**Try it**. Look through the listing below for the line with "Vhbw - vhbw" and the line with "Tea fields on West Java, Indonesia". Copy both, along with every line between them, exactly and with no pictures.

**Supplied data**.
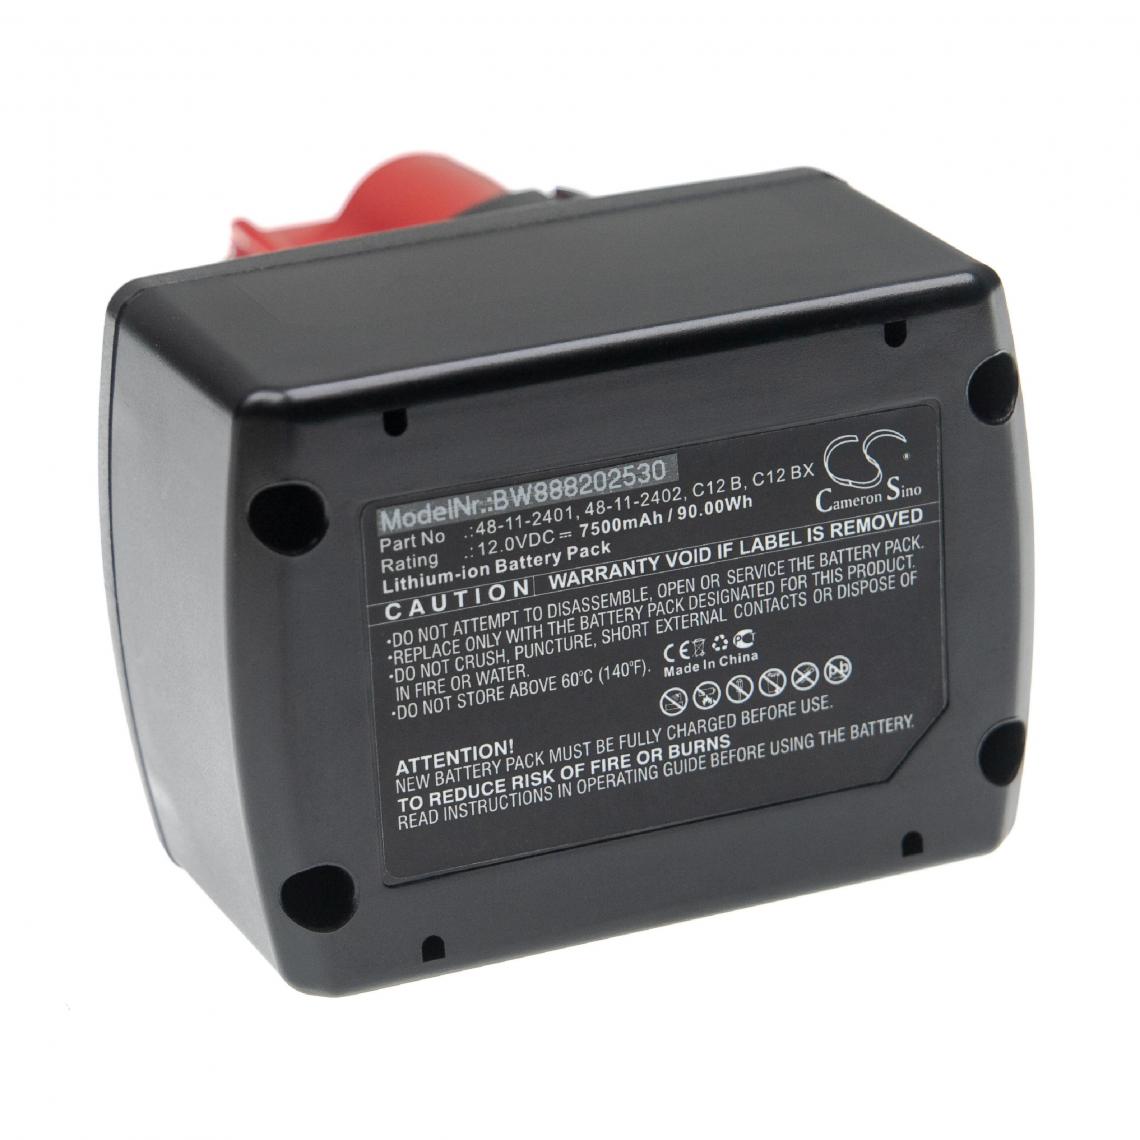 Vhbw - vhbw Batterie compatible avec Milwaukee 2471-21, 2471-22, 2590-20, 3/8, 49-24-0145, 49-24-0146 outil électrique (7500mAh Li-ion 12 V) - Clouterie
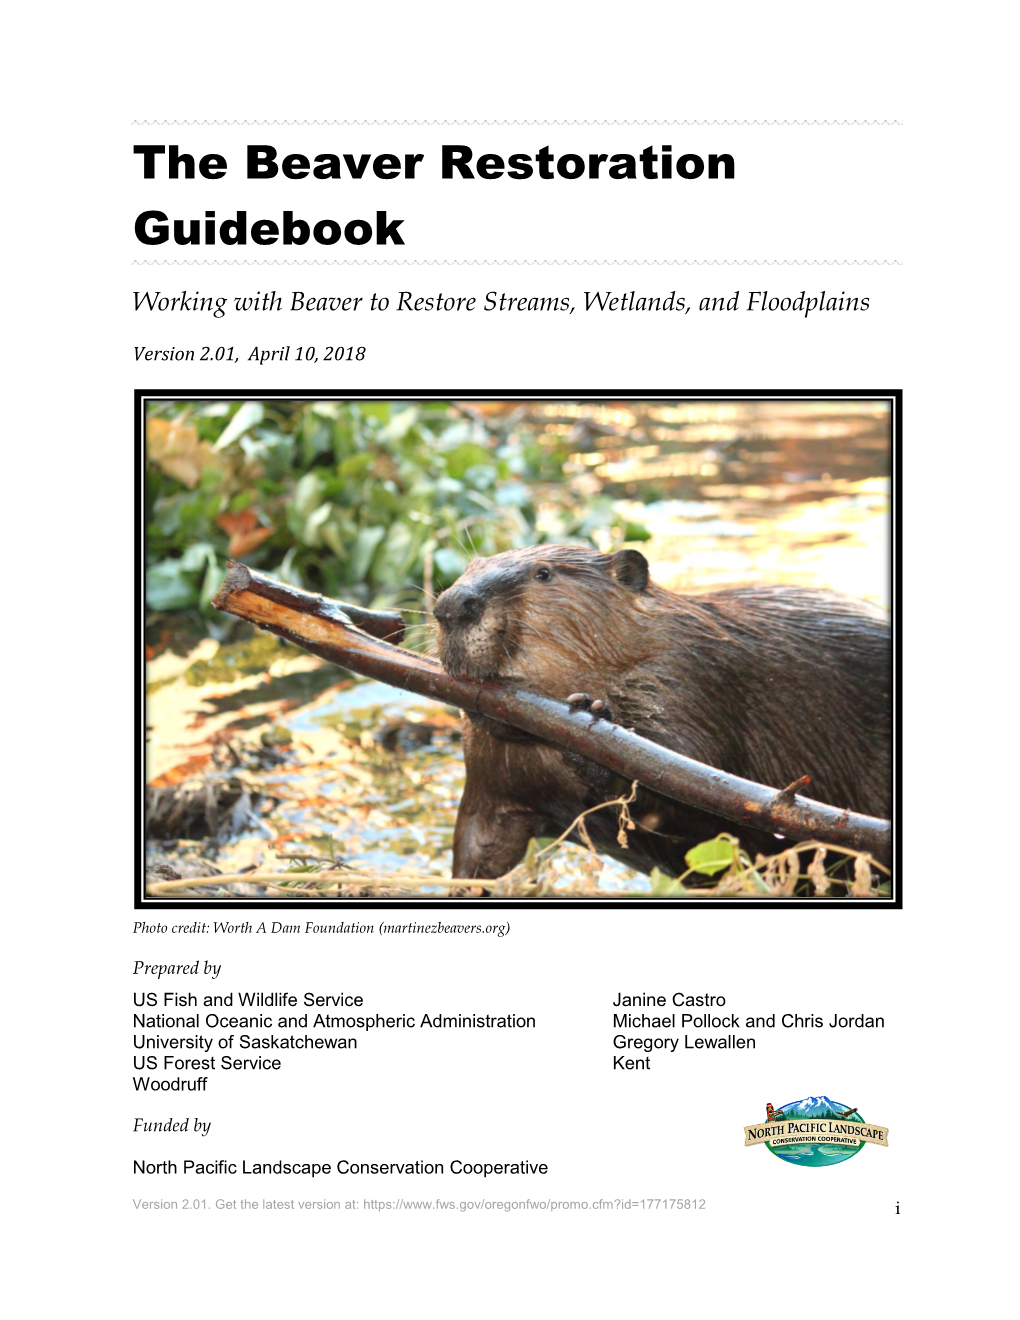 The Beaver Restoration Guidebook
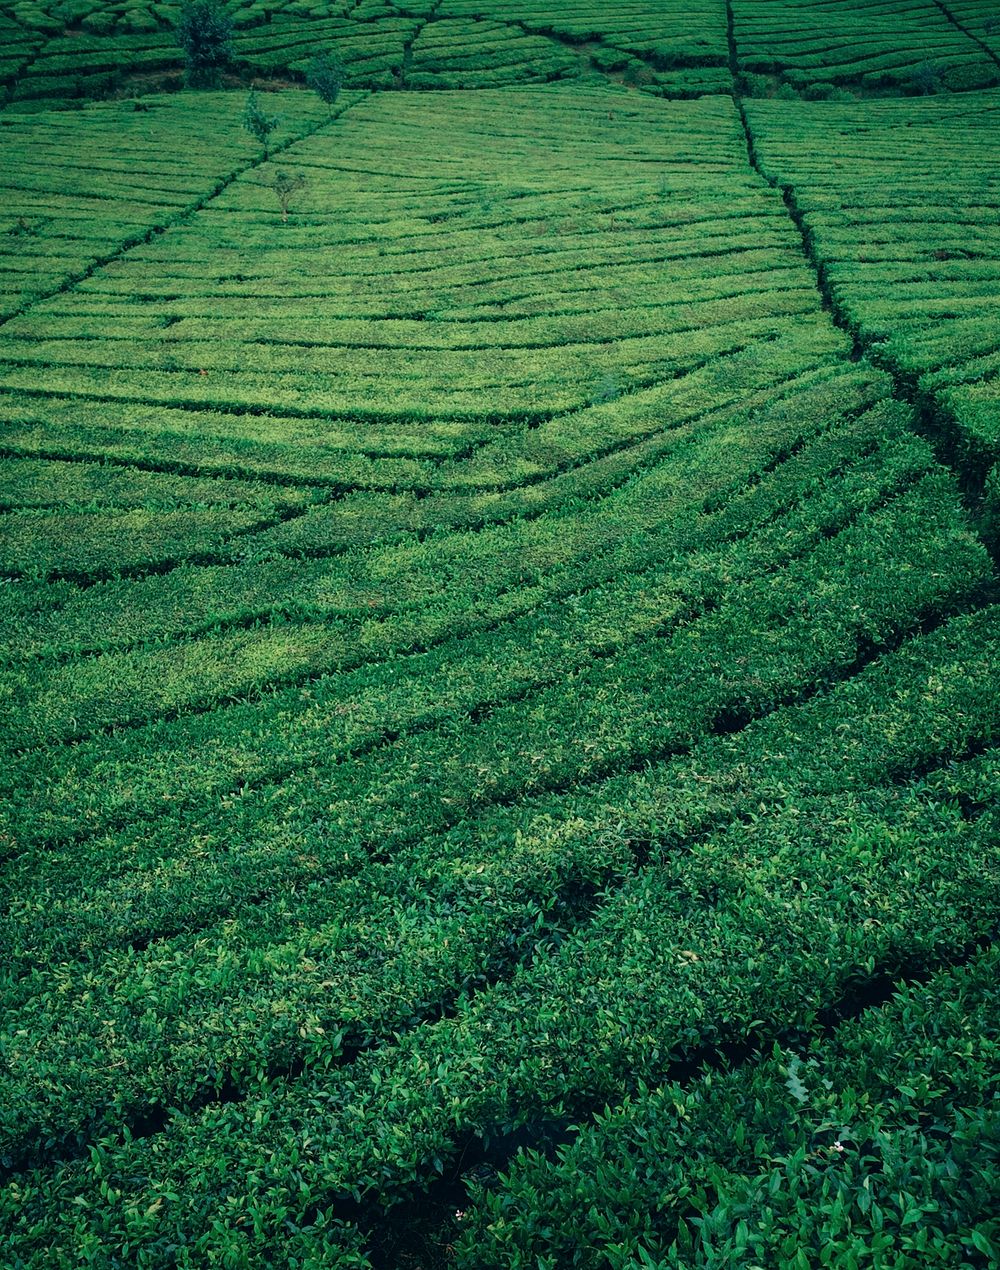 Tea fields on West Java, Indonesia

---

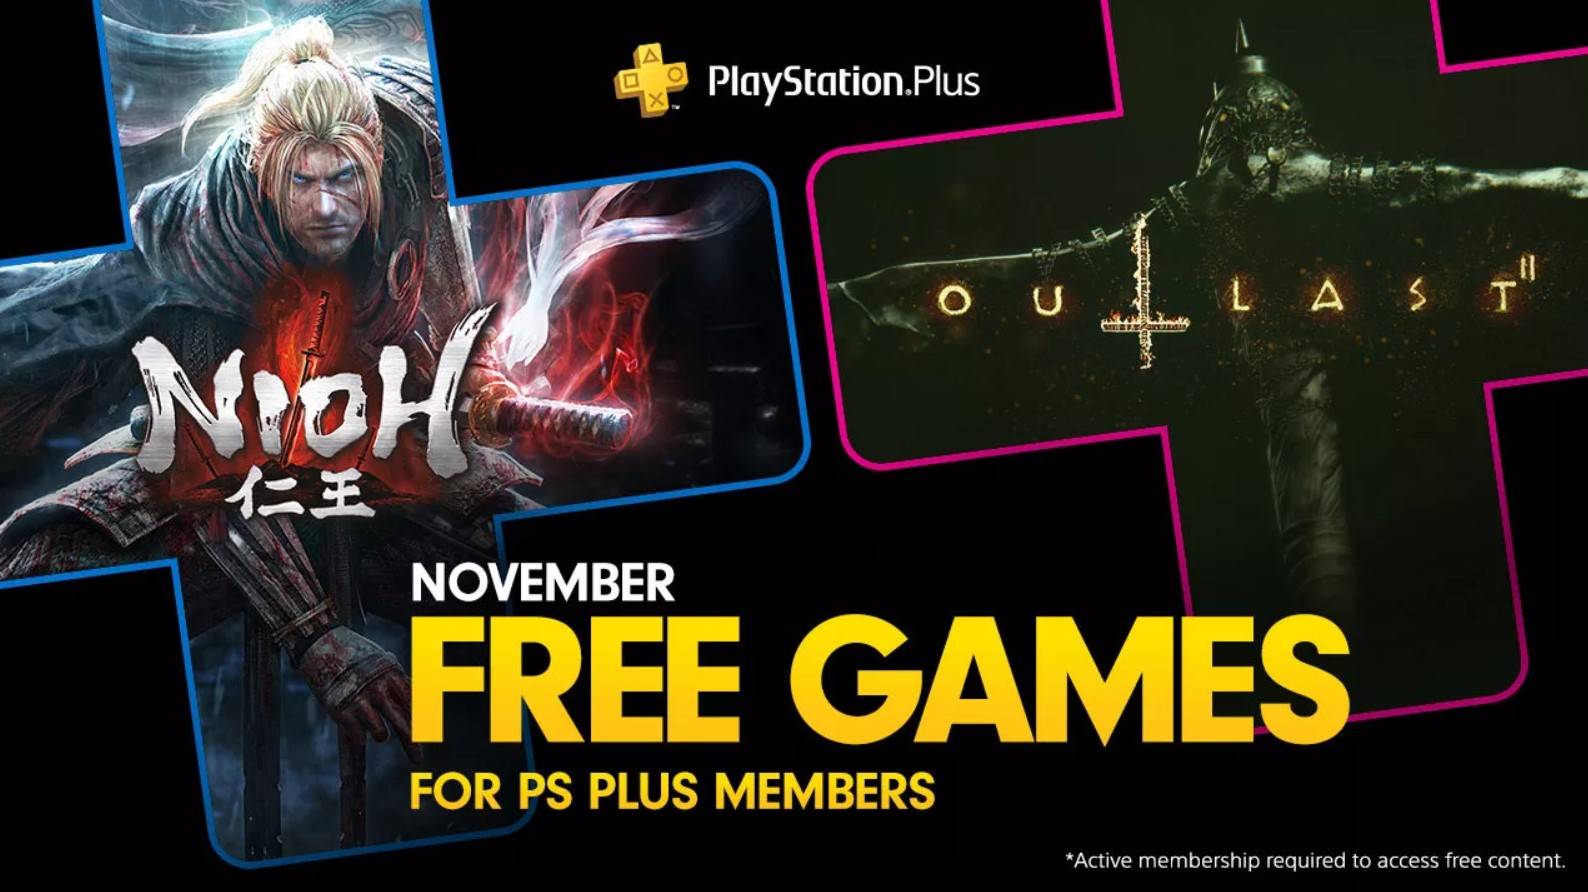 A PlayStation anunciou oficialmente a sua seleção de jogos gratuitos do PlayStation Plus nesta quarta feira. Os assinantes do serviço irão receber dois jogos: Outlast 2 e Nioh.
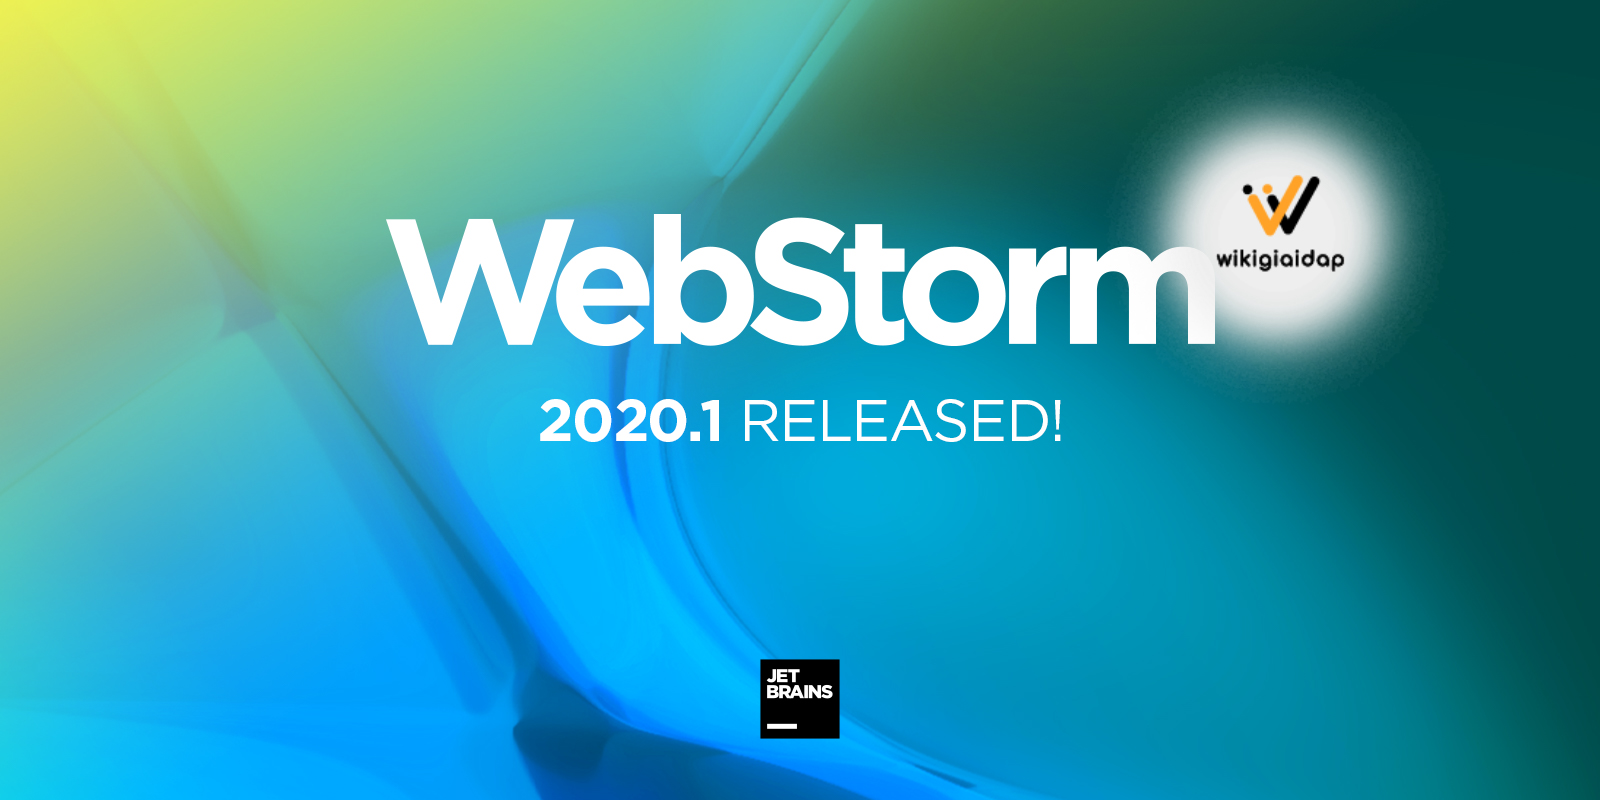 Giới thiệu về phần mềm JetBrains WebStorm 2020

**Result of this exercise**.
 Vhbw - vhbw Batterie compatible avec Milwaukee 2471-21, 2471-22, 2590-20, 3/8, 49-24-0145, 49-24-0146 outil électrique (7500mAh Li-ion 12 V) - Clouterie
 The Beaver Restoration Guidebook
 Tea fields on West Java, Indonesia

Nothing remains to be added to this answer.